I've not tried the A1 yet to see how it would hold up to the sea water in the high sunshine but the point is moot with the EVF. But I will....


----------



## Bert63 (Mar 8, 2021)

privatebydesign said:


> I have, I still don’t get on with EVF’s as well as OVF’s. I accept there are some benefits to EVF’s but after looking through an OVF for 40 odd years I still find looking through an EVF is nauseating after several hours, I get eye strain and the latency, even on high refresh rate EVF’s, doesn’t match what my brain expects.
> 
> Personally I think it is down to my age and generation, I believe newer and younger photographers can embrace EVF’s without the brain memory (like muscle memory but different!). I have used 1 series cameras since forever and so have been very spoilt with OVF’s, but I will be very interested to see what Canon can do with the EVF in the R1.



I’m 57, have crap eyes, and love my EVF cameras more every time I pick them up.


----------



## privatebydesign (Mar 8, 2021)

Bert63 said:


> I’m 57, have crap eyes, and love my EVF cameras more every time I pick them up.


How often do you look through them for hours at a time? Genuinely hours at a time.

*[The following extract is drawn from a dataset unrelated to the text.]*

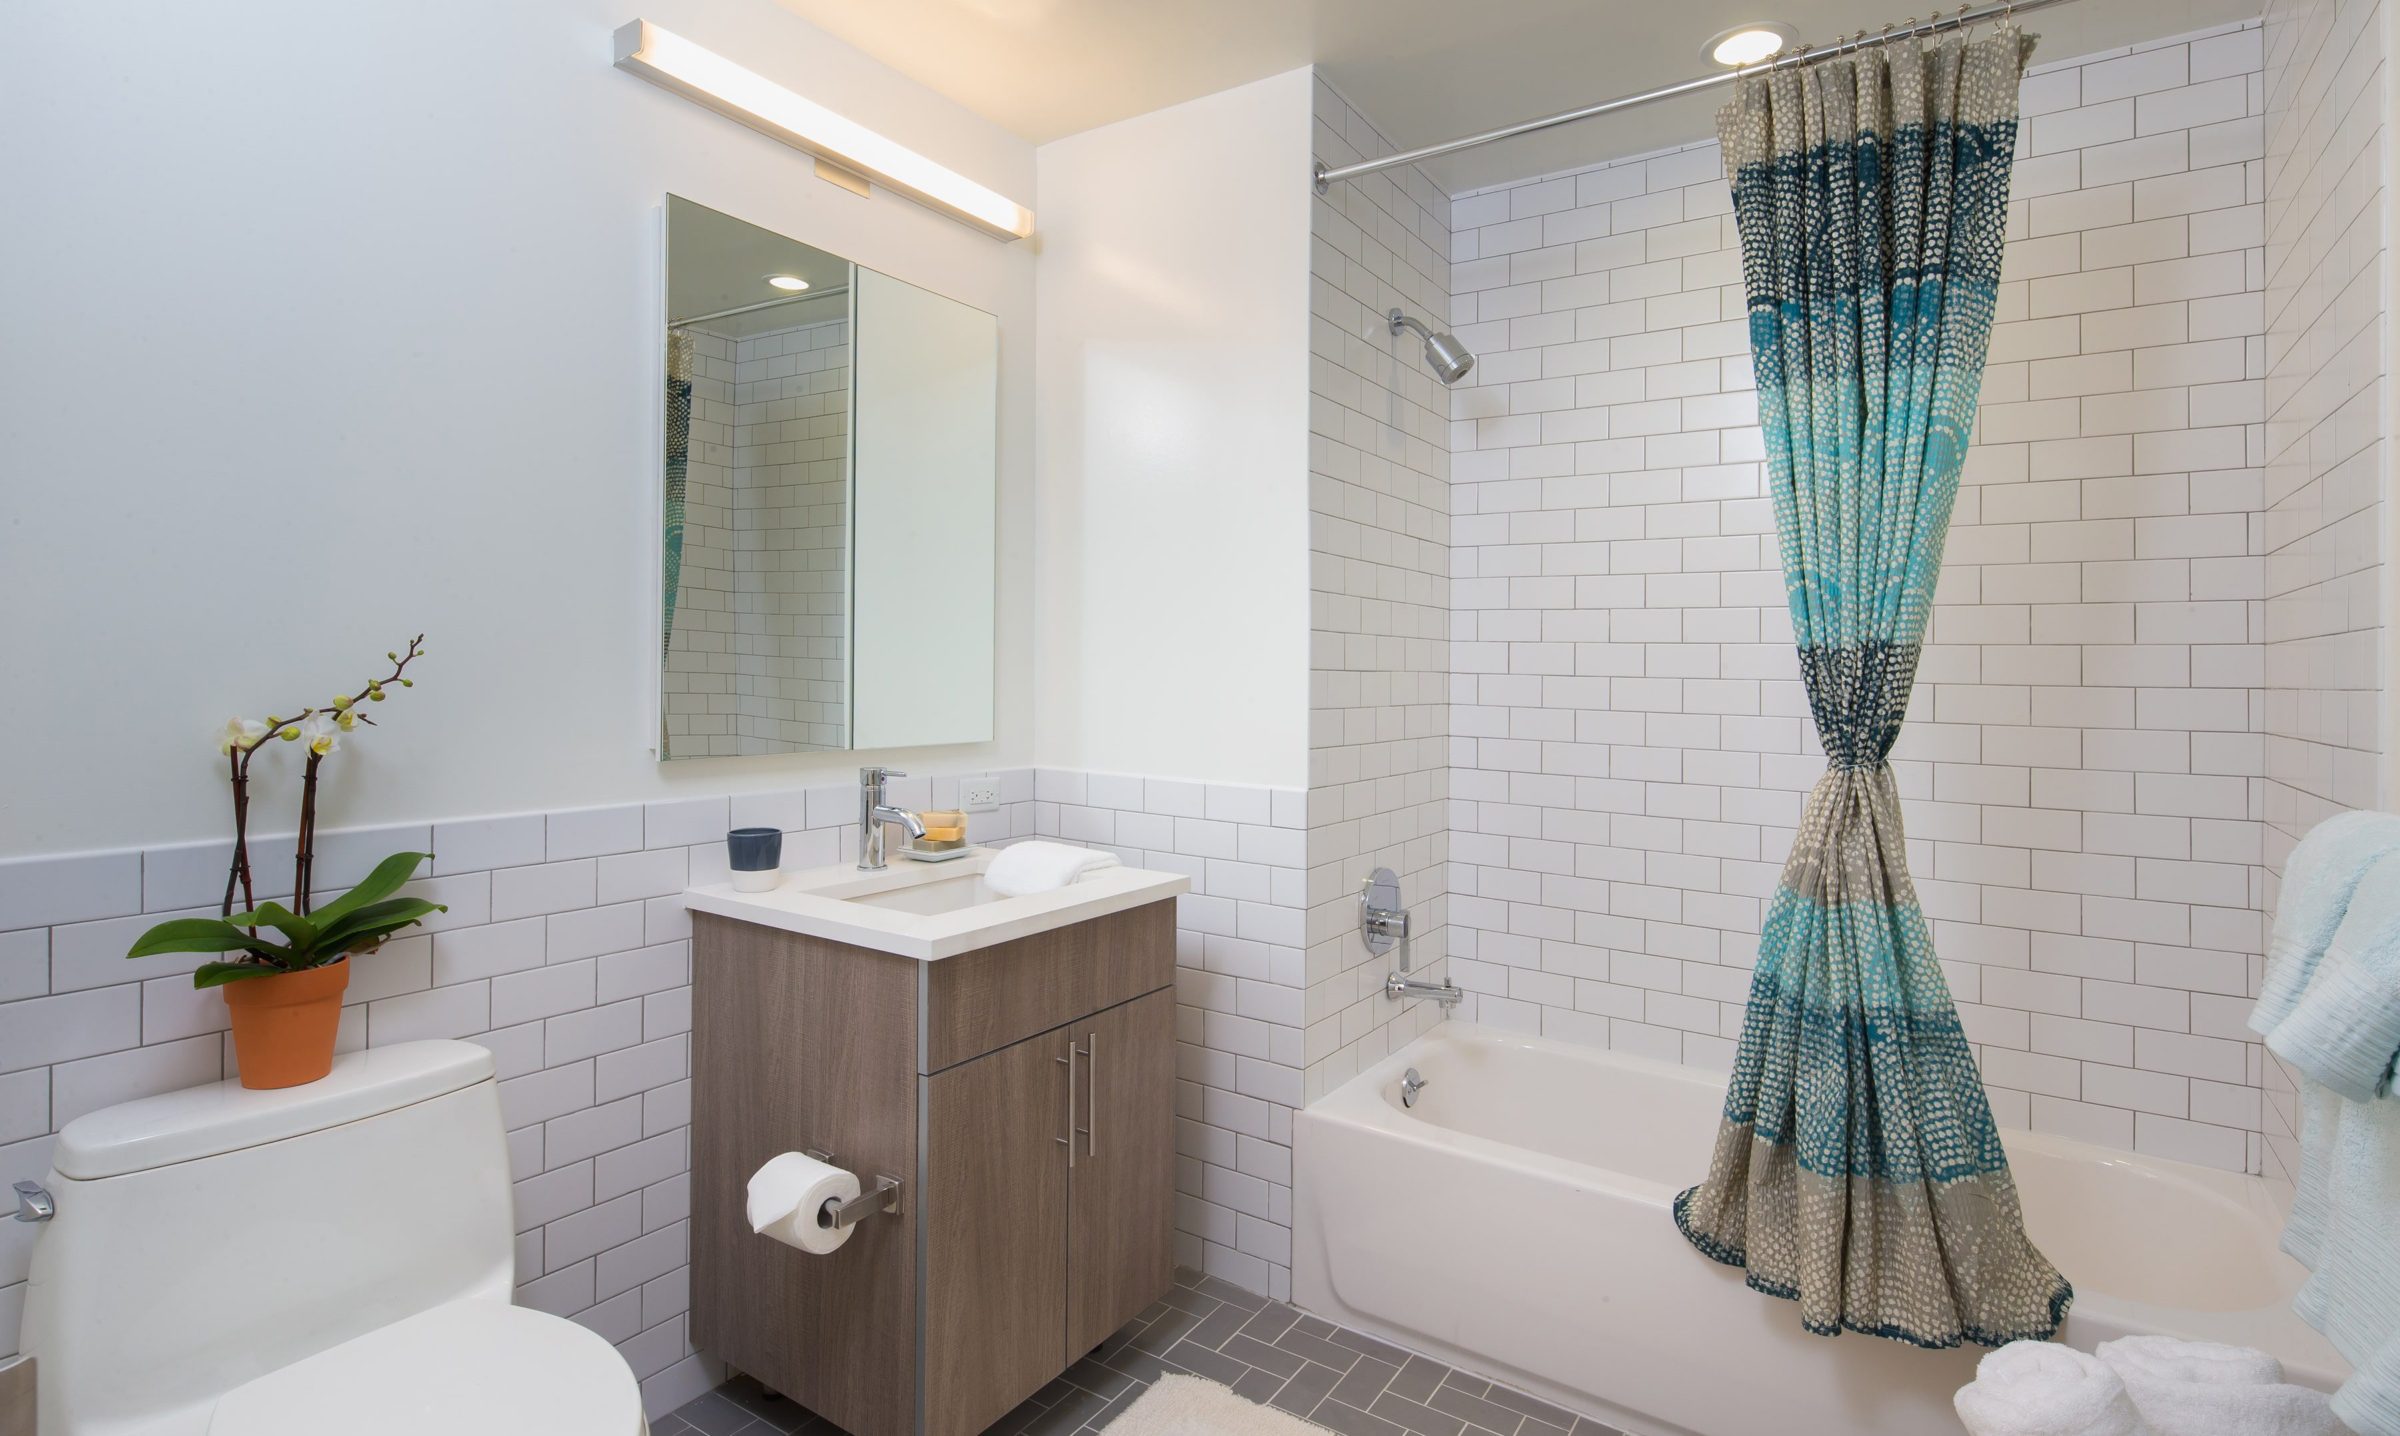 Bathroom with subway tiled shower and walls

I'm not quite 57, I also have pretty crap eyes, I just don't get on with EVF's the same.


----------



## slclick (Mar 8, 2021)

privatebydesign said:


> How often do you look through them for hours at a time? Genuinely hours at a time.
> 
> I'm not quite 57, I also have pretty crap eyes, I just don't get on with EVF's the same.


Same, 56, semi crap eyes with a retinal scarring (from AMPPE )and EVF's really mess with me. #1 reason I'm still using my 5D3. I keep trying out new bodies but more than a couple minutes and I have a terrible adjustment period with the camera away from my eye. OVF? I can shoot and shoot with only the minimal issues.


----------



## Bert63 (Mar 8, 2021)

privatebydesign said:


> How often do you look through them for hours at a time? Genuinely hours at a time.
> 
> I'm not quite 57, I also have pretty crap eyes, I just don't get on with EVF's the same.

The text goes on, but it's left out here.